**Material provided:**

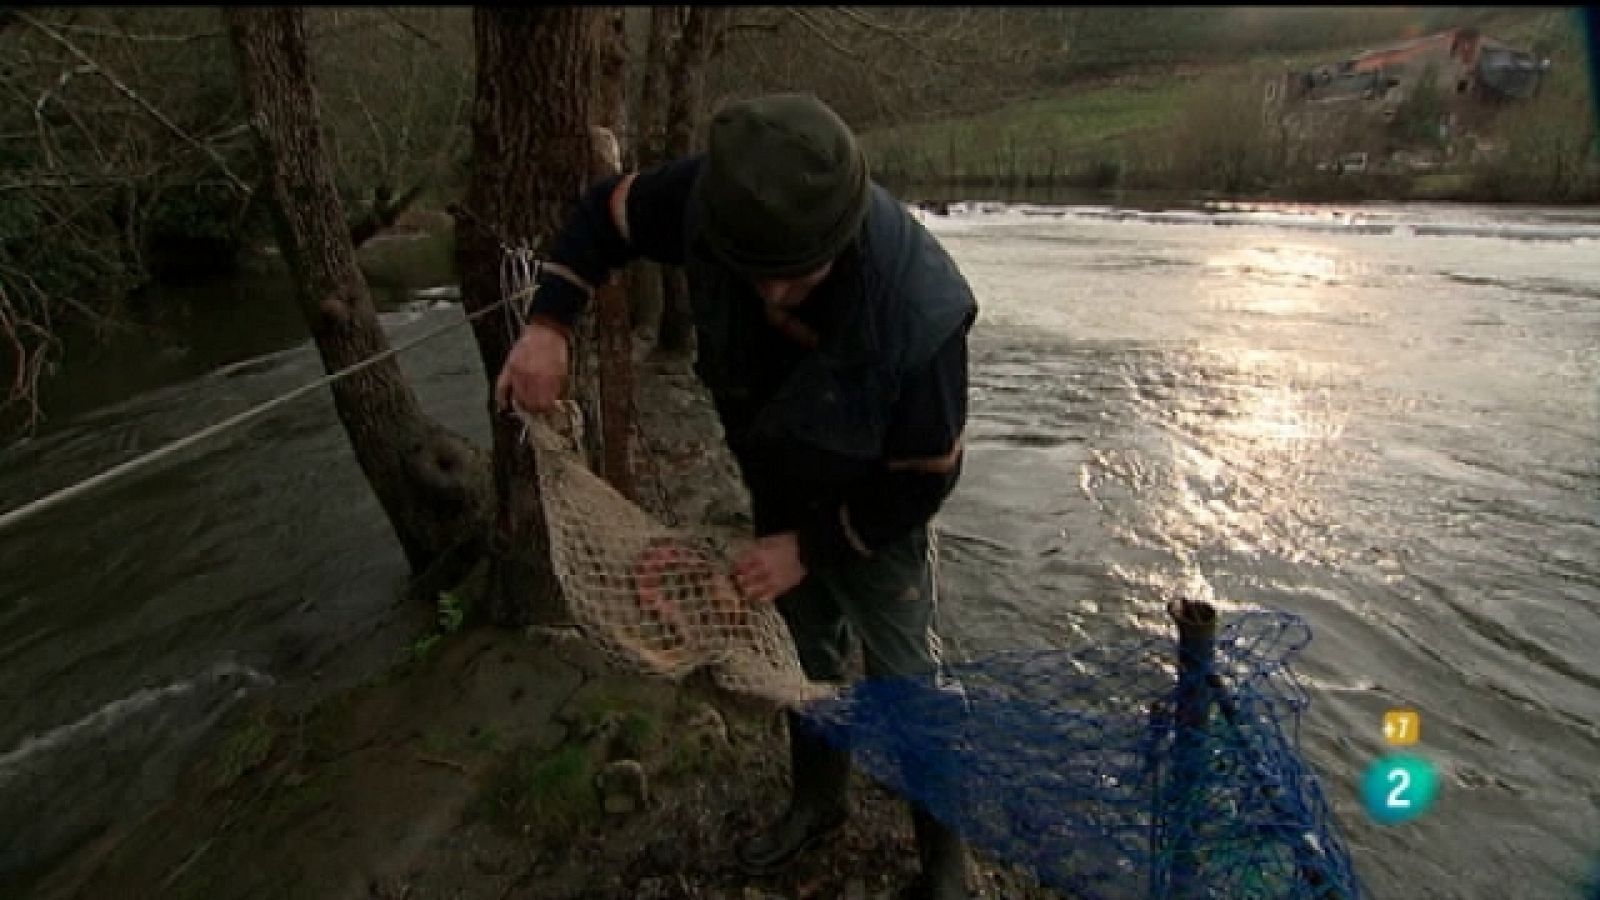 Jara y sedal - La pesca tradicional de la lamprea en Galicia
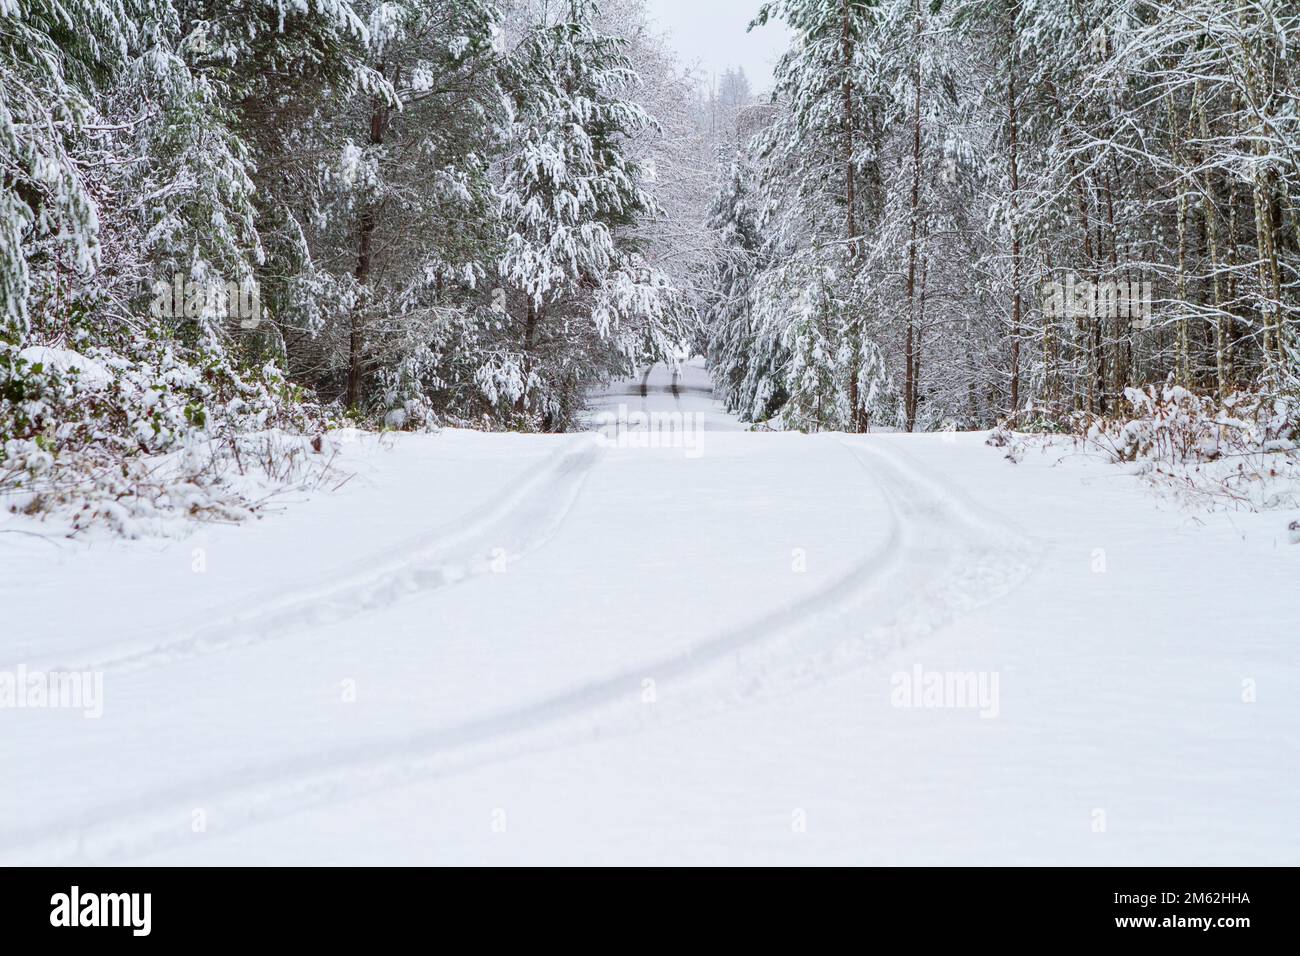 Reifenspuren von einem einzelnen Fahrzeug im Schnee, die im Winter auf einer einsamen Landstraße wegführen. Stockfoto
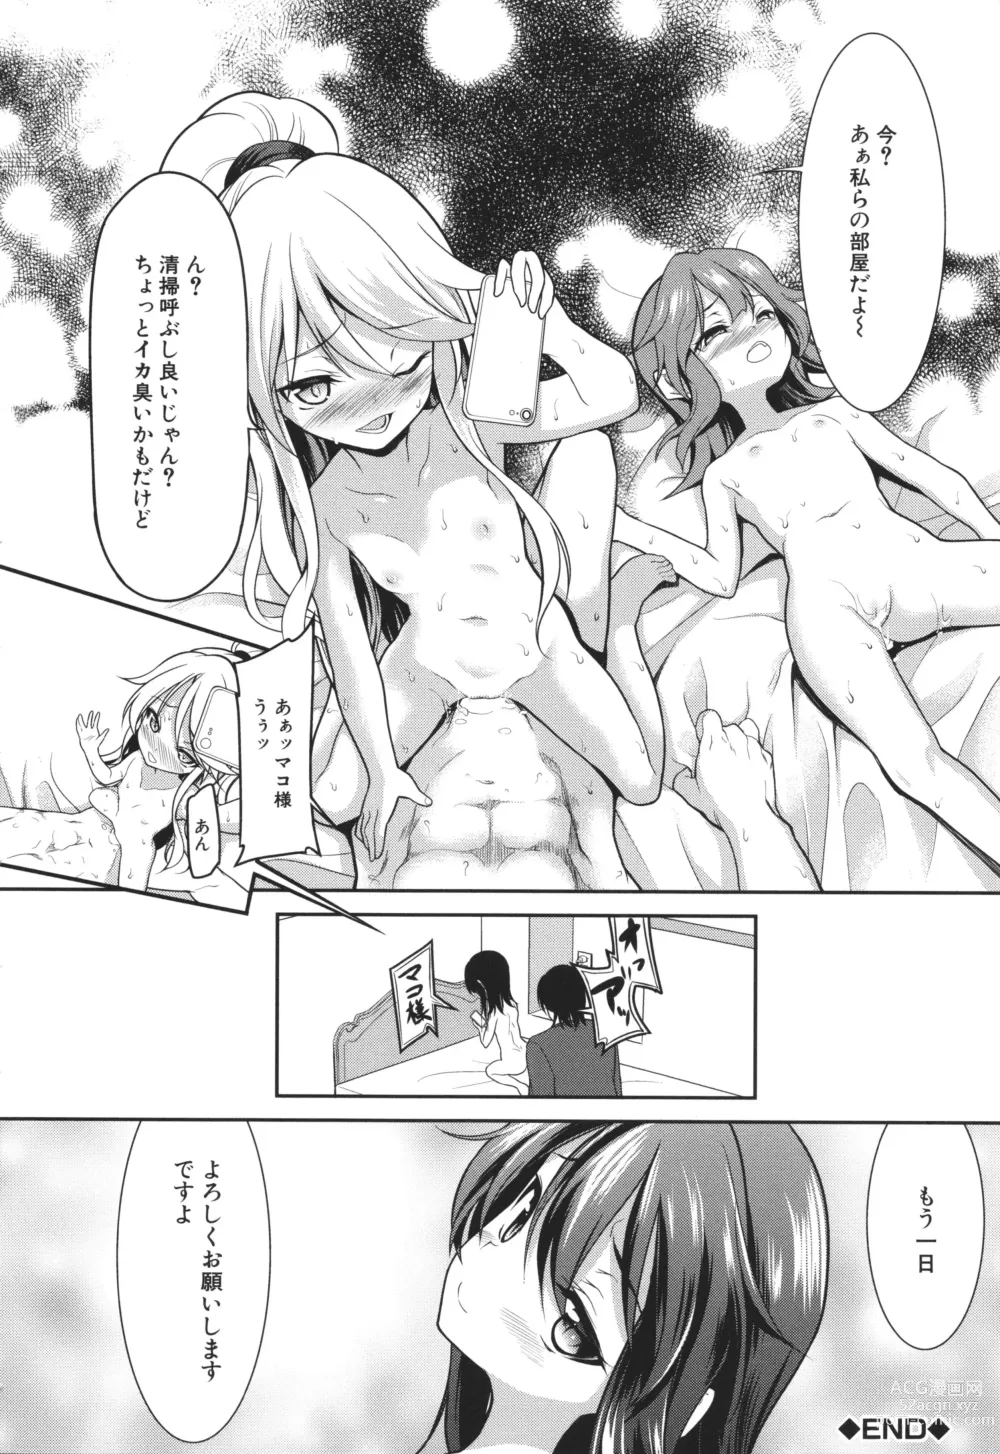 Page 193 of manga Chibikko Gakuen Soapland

**Instructions to follow:**
Without the pictures, repeat every line of the material above exactly.

**Expected output:**
 Jara y sedal - La pesca tradicional de la lamprea en Galicia
 Reifenspuren von einem einzelnen Fahrzeug im Schnee, die im Winter auf einer einsamen Landstraße wegführen. Stockfoto
 Page 193 of manga Chibikko Gakuen Soapland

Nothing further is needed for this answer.